Wells calls for biblical vision of God’s ‘holy-love’ in Gheens Lectures

Communications Staff — October 1, 2014

David F. Wells lectures on the "holy-love" of God in the Gheens Lectures at The Southern Baptist Theological Seminary, Sept. 24-25.
David F. Wells lectures on the “holy-love” of God in the Gheens Lectures at The Southern Baptist Theological Seminary, Sept. 24-25.

A holistic vision of God forms the center of Christian life, freeing believers to be “God-centered in our thoughts, God-fearing in our hearts, and God-honoring in our work,” said David F. Wells in the Gheens Lectures at The Southern Baptist Theological Seminary, Sept. 24-25.

Wells, distinguished research professor at Gordon-Conwell Theological Seminary and author of numerous books on evangelicalism and culture, lectured on the “holy-love” of God, which is the central idea in his most recent work, God in the Whirlwind.

In the first lecture, Wells presented his vision of a fully Godward identity, centered on the union of his holiness and his love.

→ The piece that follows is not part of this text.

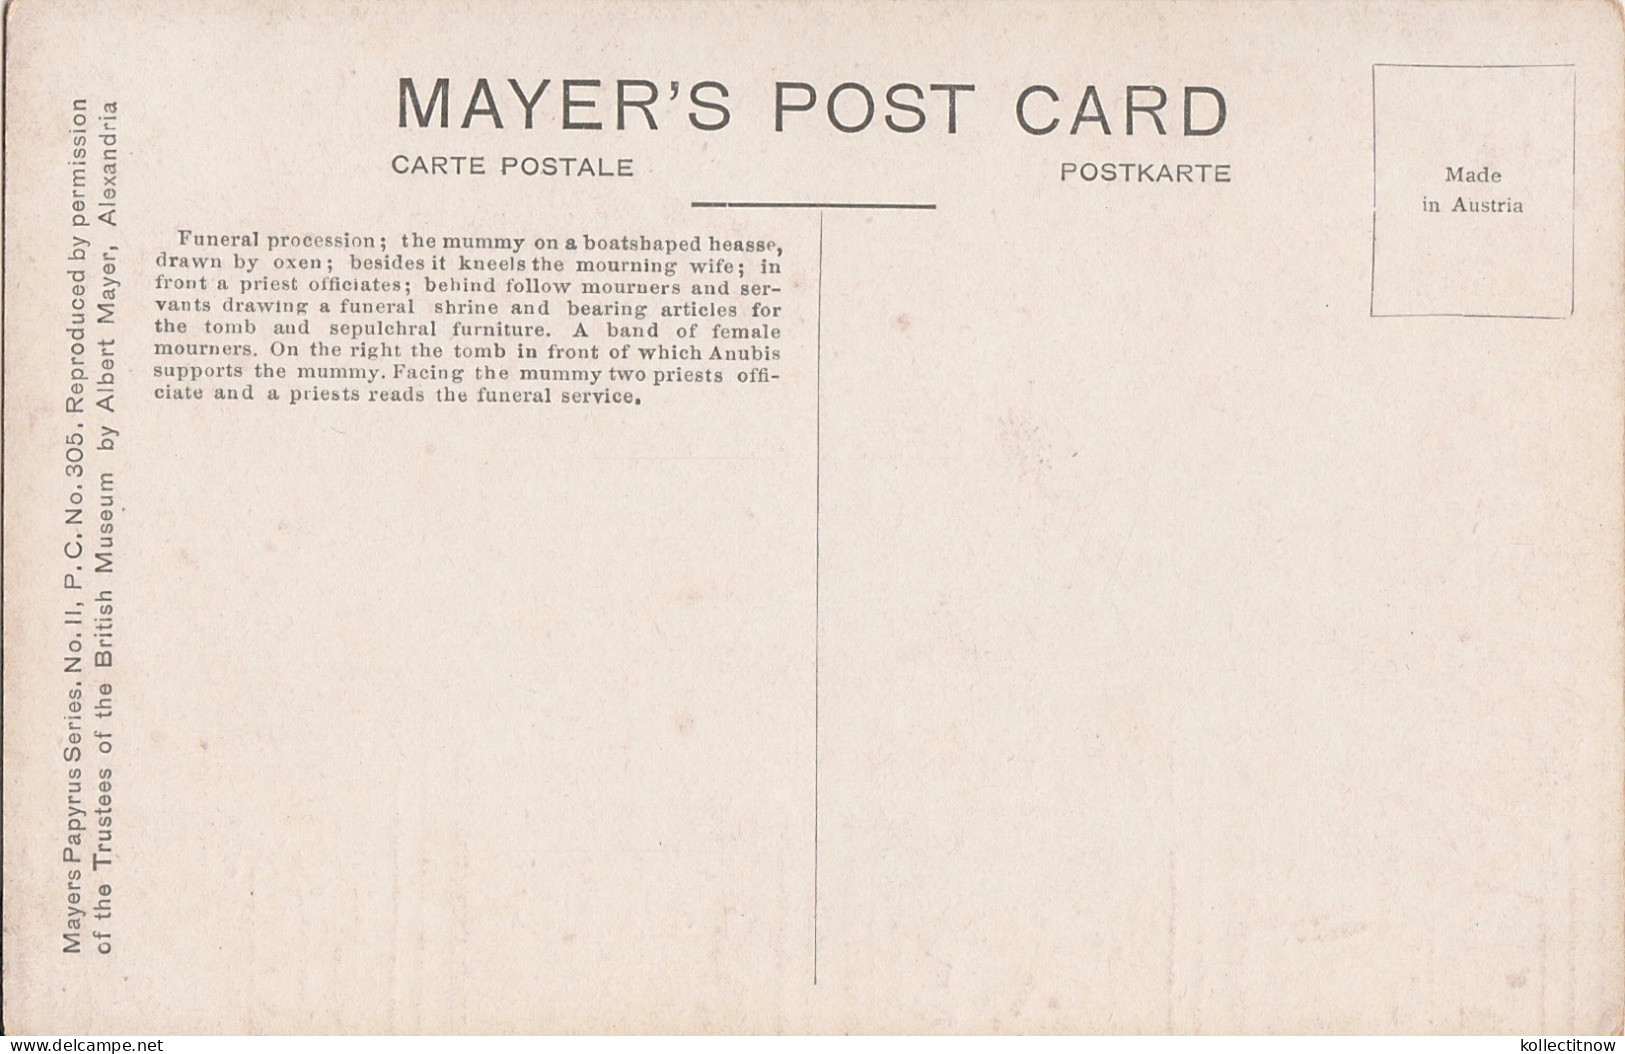 MAYER’s POST CARD - FUNERAL PROCESSION (2) - Museums

While God’s love cannot be fully comprehended without his wrath and judgment, Wells said, his holiness similarly is not completed without his love. Therefore, the holy-love of God brings together both fundamental aspects of his character.

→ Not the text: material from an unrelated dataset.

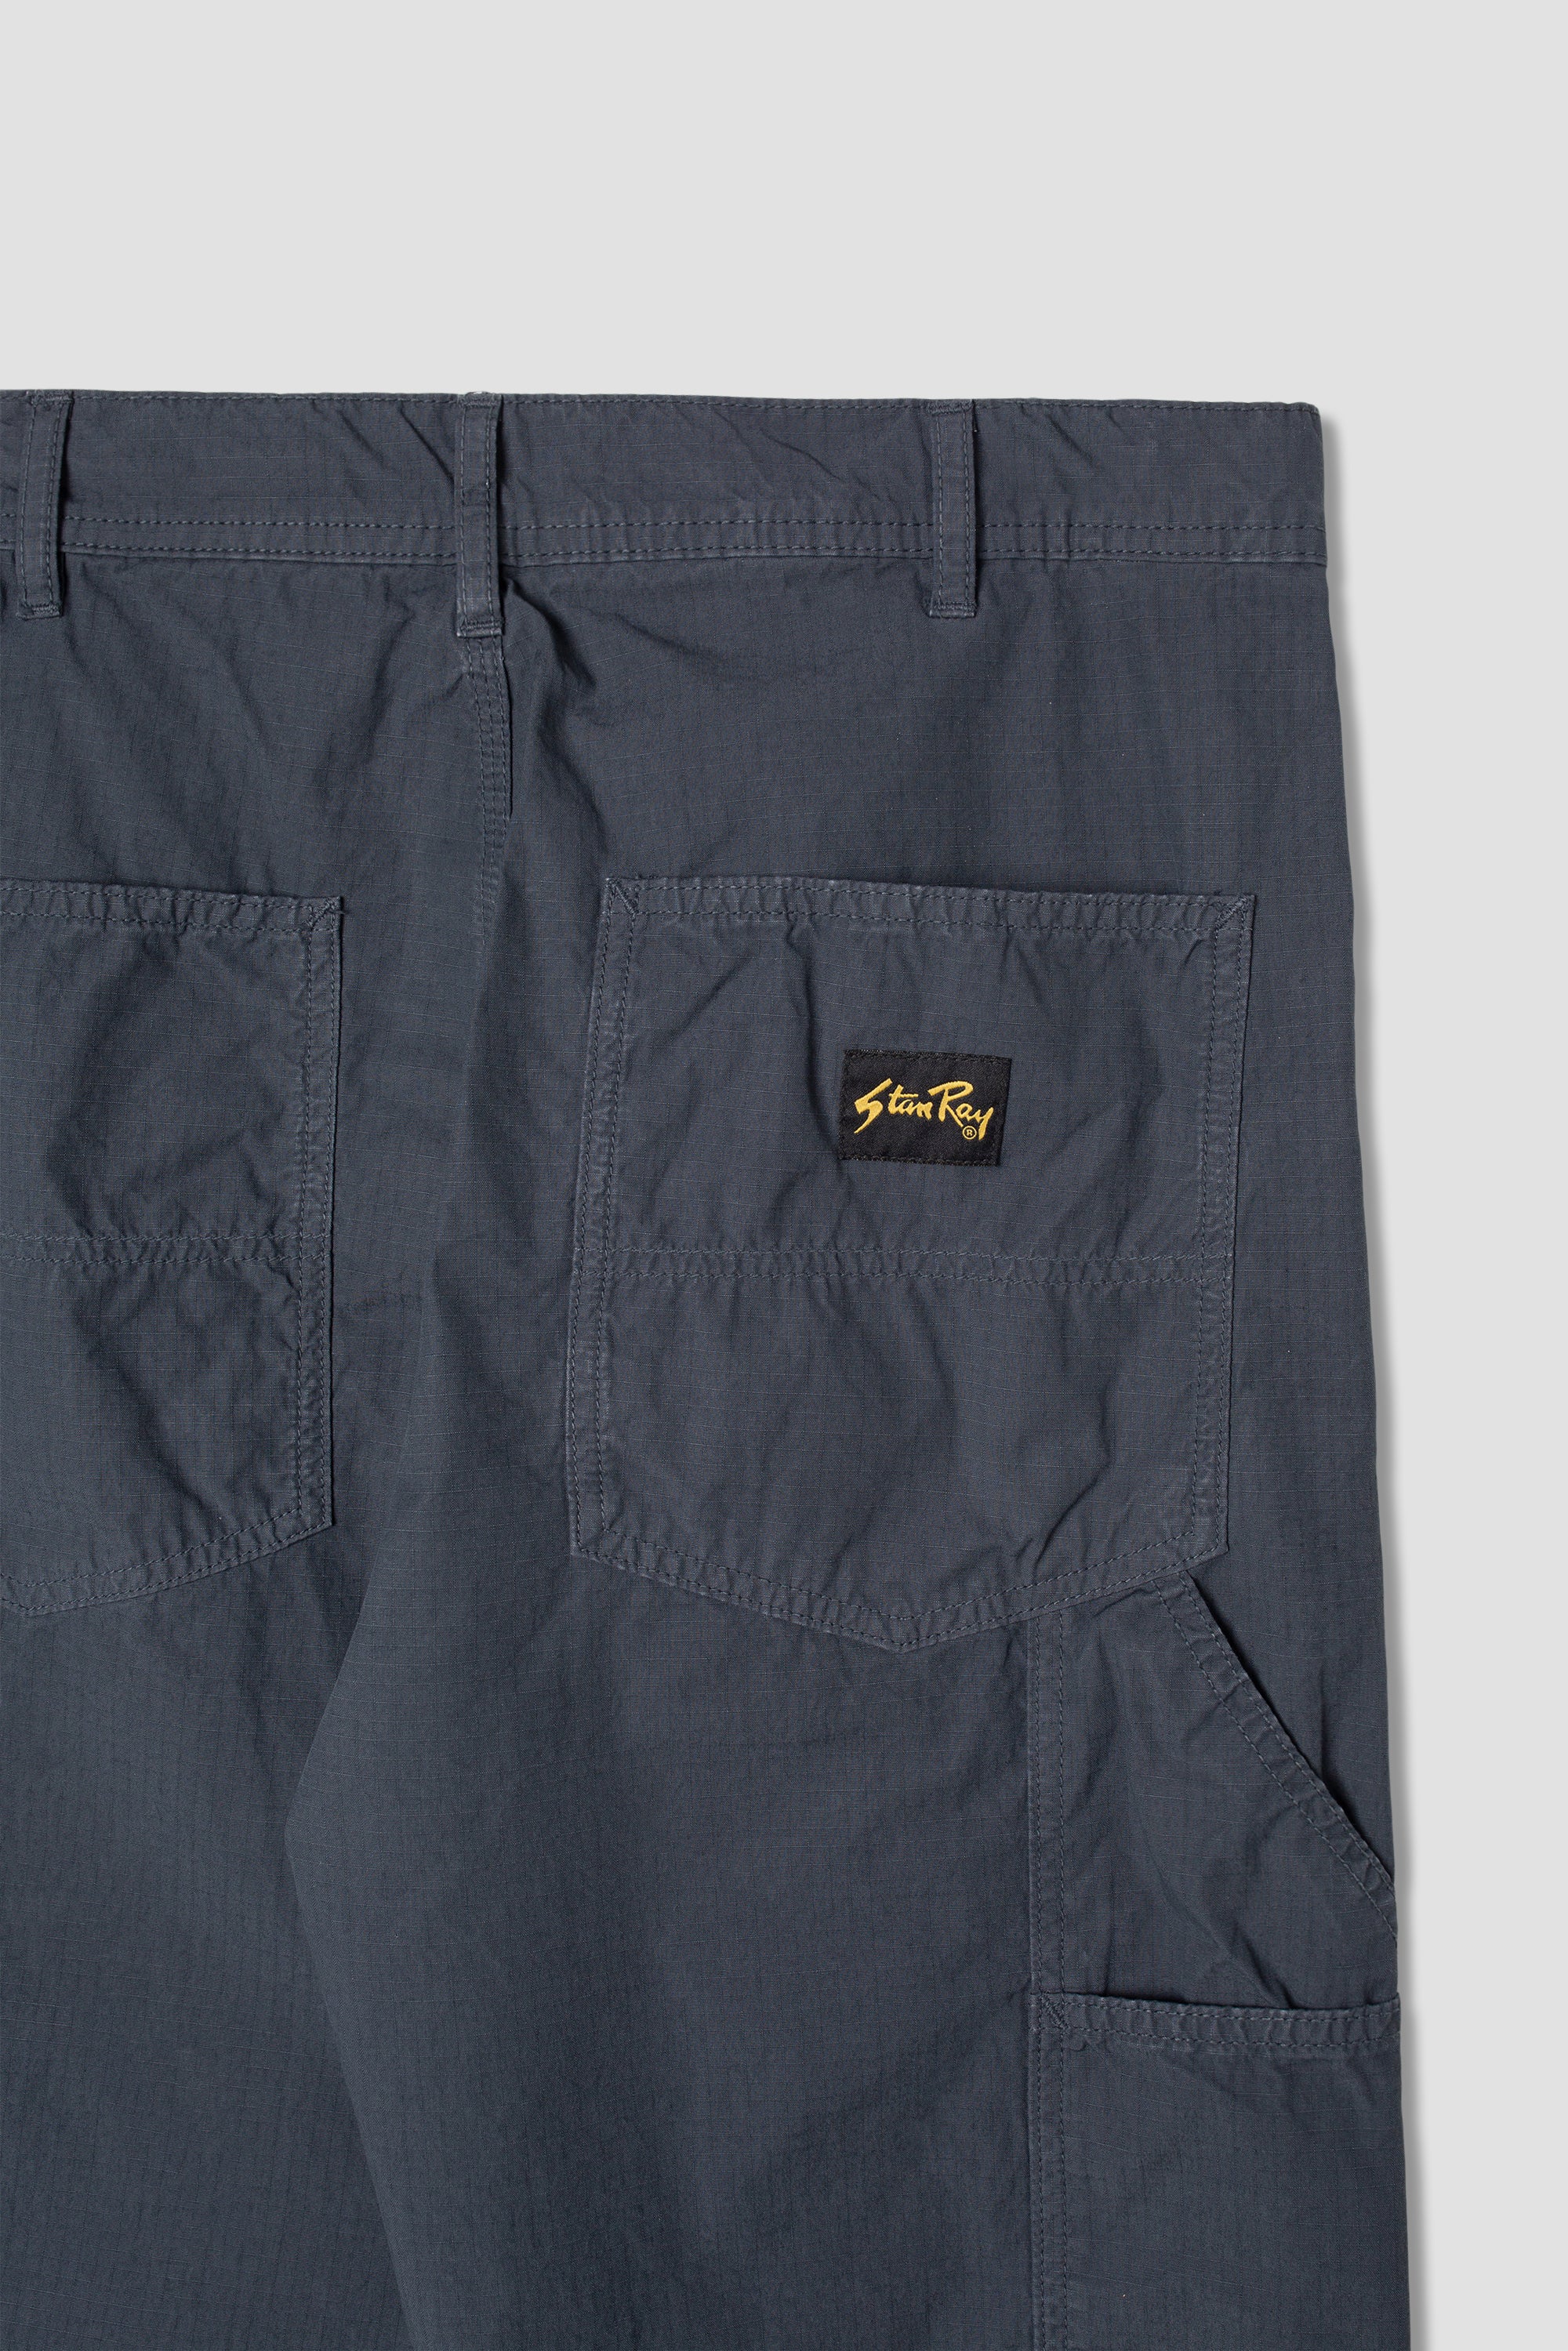 OG Painter Pant (Navy Ripstop) – Stan Ray

Western culture, however, is dominated by a “centerless vision” and prisoner to a postmodern ideology without objective truth, which has resulted in staggeringly high rates of depression in spite of prosperity, he noted.

“Never have we had so much; never have we had so little,” Wells said.

The second lecture, delivered the following morning, focused on the holy-love of God expressed in the revelation of the crucified Jesus Christ. In the person of Christ, Wells said, “God’s love provides what God’s holiness requires.”

Wells sketched out a Protestant understanding of substitution, propitiation, and imputed righteousness, demonstrating how each theological category functions throughout the New Testament.

“Jesus never said he was dying as a martyr for a cause, but as a propitiation for people,” he said, demonstrating that Jesus’ death was always meant to be substitutionary.

Wells also pointed out the weaknesses of liberal revisions of orthodox Christian theology. Liberalism, he argued, in omitting God’s holiness also misses the profundity of his love.

“We see the depth of God’s love when Jesus enters into our judgment,” Wells said.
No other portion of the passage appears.